Two UBC “Ideas” Among New York Times 2007 Most Intriguing List

UBC Reports Extras | Dec. 12, 2007

UBC psychology researchers shone in the New York Times Magazine’s "7th Annual Year in Ideas," which featured 70 of the world’s most intriguing discoveries over the past 12 months. UBC garnered a couple of stories in the Dec. 9 issue round-up, joining only a handful of institutions with more than one mention, among them Harvard, MIT and the University of California Los Angeles.

In "The God Effect," the New York Times Magazine highlighted findings by Assoc. Prof. Ara Norenzayan and PhD graduate Azim Shariff that people will act with greater altruism and generosity when they’re reminded of God or their civic responsibility. Published in the September issue of Psychological Science journal, their study tested participants through a "dictator" game. First, Norenzayan and Shariff used a well-known psychological "priming" technique to induce unconscious thoughts in the participants. One group unscrambled sentences that contained words like God, spirit, sacred and divine. The control group unscrambled sentences with no religious references. Then each participant got 10 $1 coins which they could decide how many to keep or to share with an anonymous recipient.

The researchers were surprised by the magnitude of the positive results for the religious prime in both studies. Sixty-eight per cent of subjects from the religious prime groups allocated $5 or more to anonymous strangers, compared to 22 per cent from groups where neutral or no concepts were activated.

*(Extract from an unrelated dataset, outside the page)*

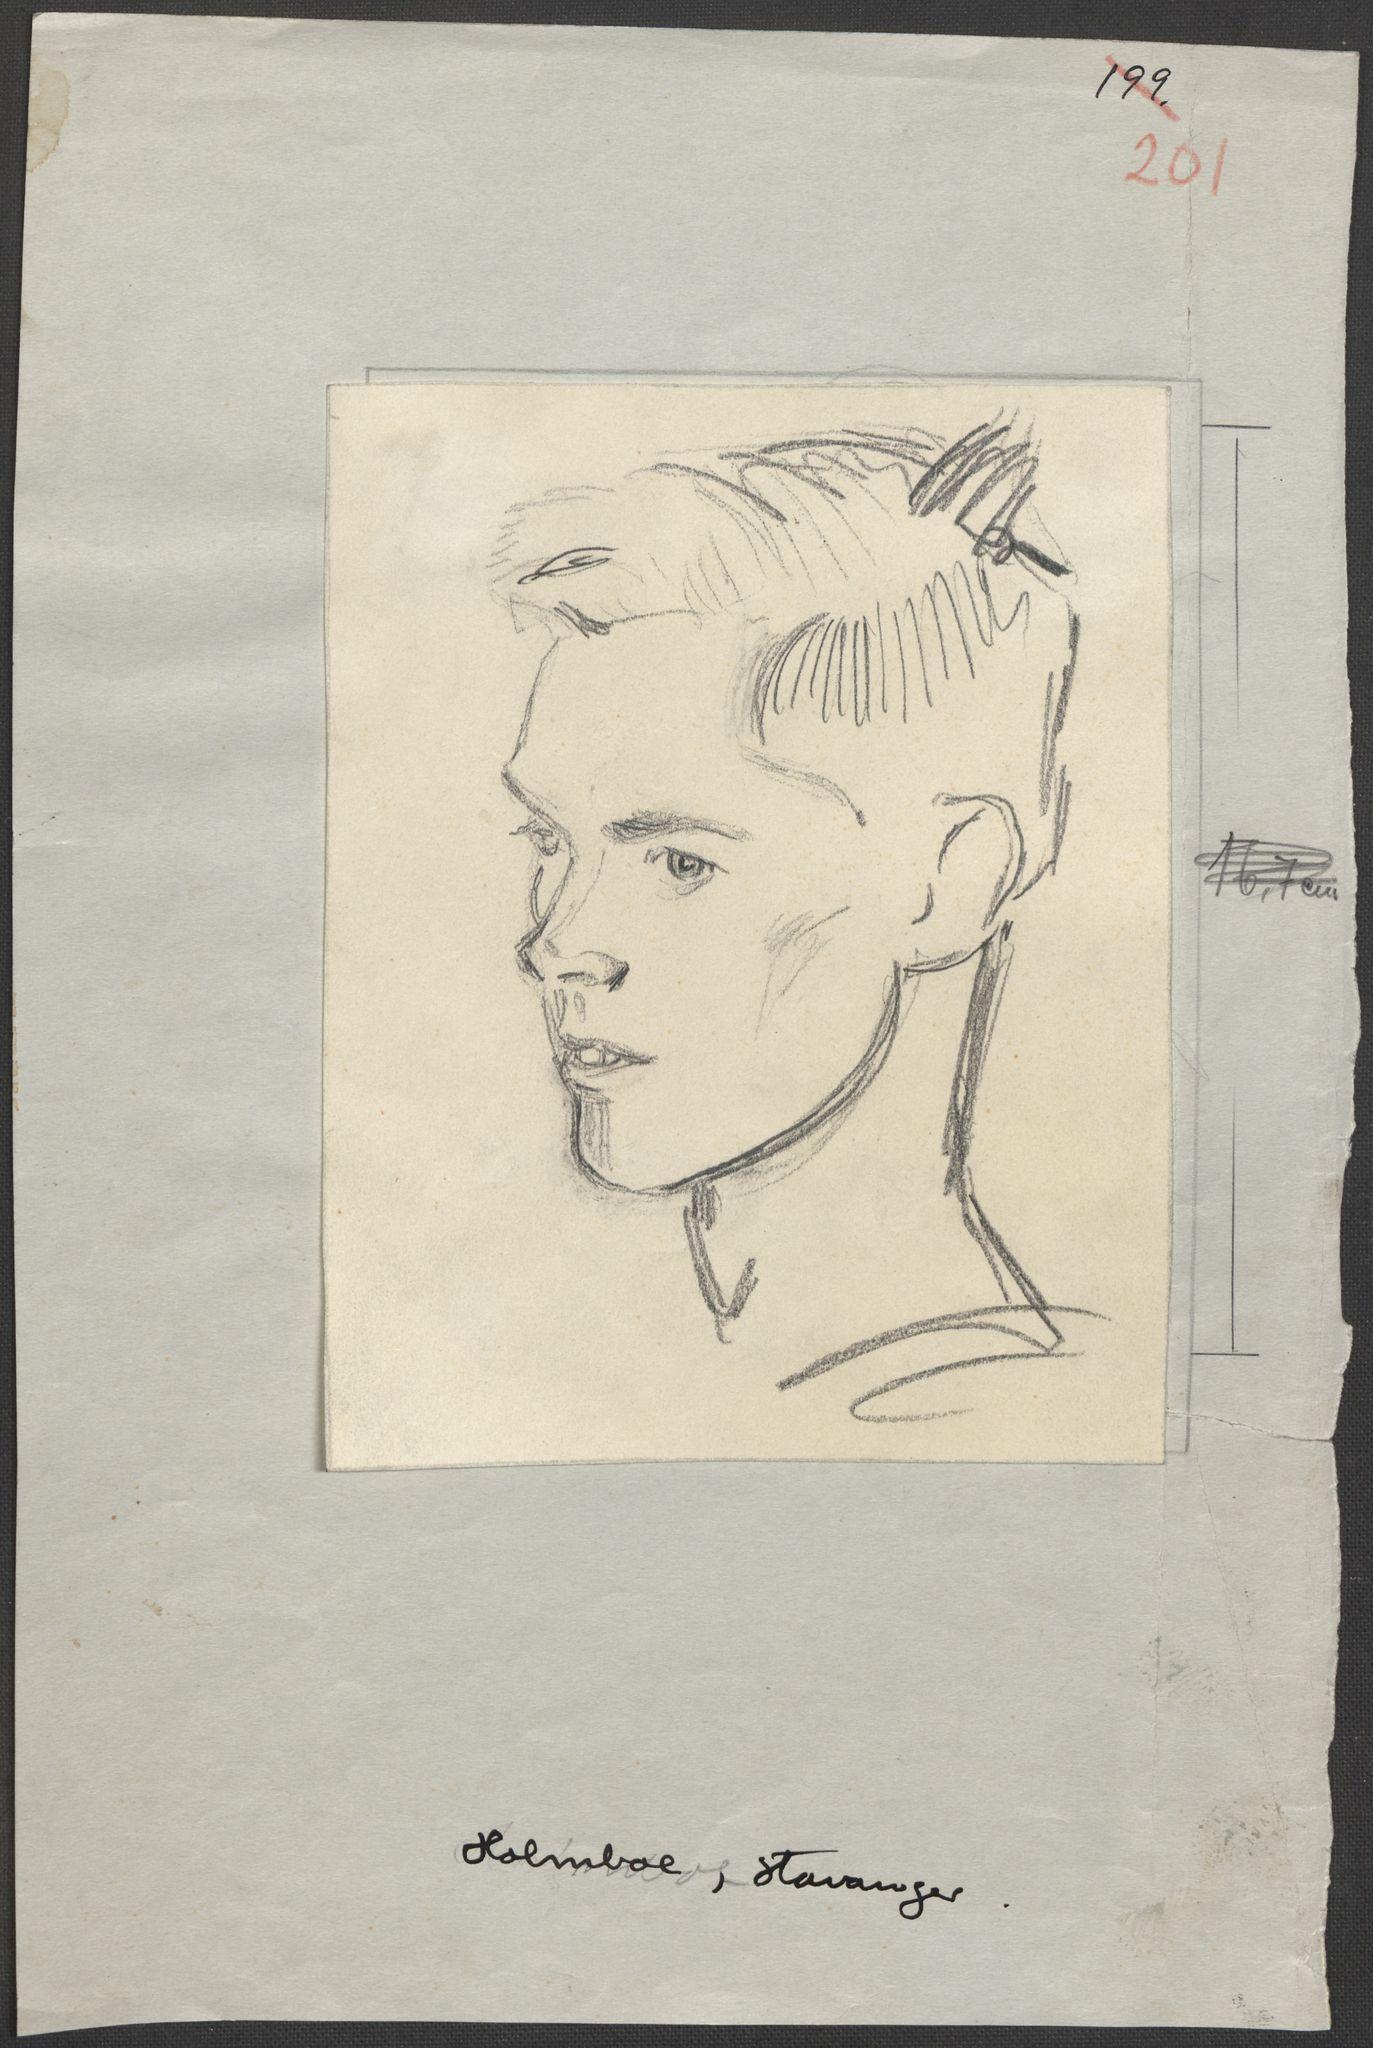 RA, Grøgaard, Joachim, F/L0002: Tegninger og tekster, 1942-1945, p. 95

In the second study the researchers also investigated the strength of the religious prime relative to a secular prime. They used concepts of civic responsibility and social justice to prime subjects (with target words civic, jury, court, police and contract) and obtained almost identical results.
The article is available online at: www.psychologicalscience.org/media.

The other appealing new idea from UBC is that "Quitting Can Be Good for You." UBC Psychology Assoc. Prof. Greg Miller and Concordia University’s Carsten Wrosch has found that too much perserverance can be bad for your health. Their study, published in the in the September issue of the journal Psychological Science, explores how teenage girls will exhibit increased levels of the inflammatory molecule C-reactive protein (C.R.P.) if they continue striving for a hard-to-reach goal. In adults, C.R.P. is linked with diabetes, heart disease and early aging.

Miller and Wrosch charted the C.R.P. levels in each of their teenage subjects over the course of a year as they dealt with adversity and challenges. Individuals who quit when a goal became too difficult or unattainable showed C.R.P. levels that were constant. However, young women who persisted had significantly elevated levels, even if they eventually reached their goals.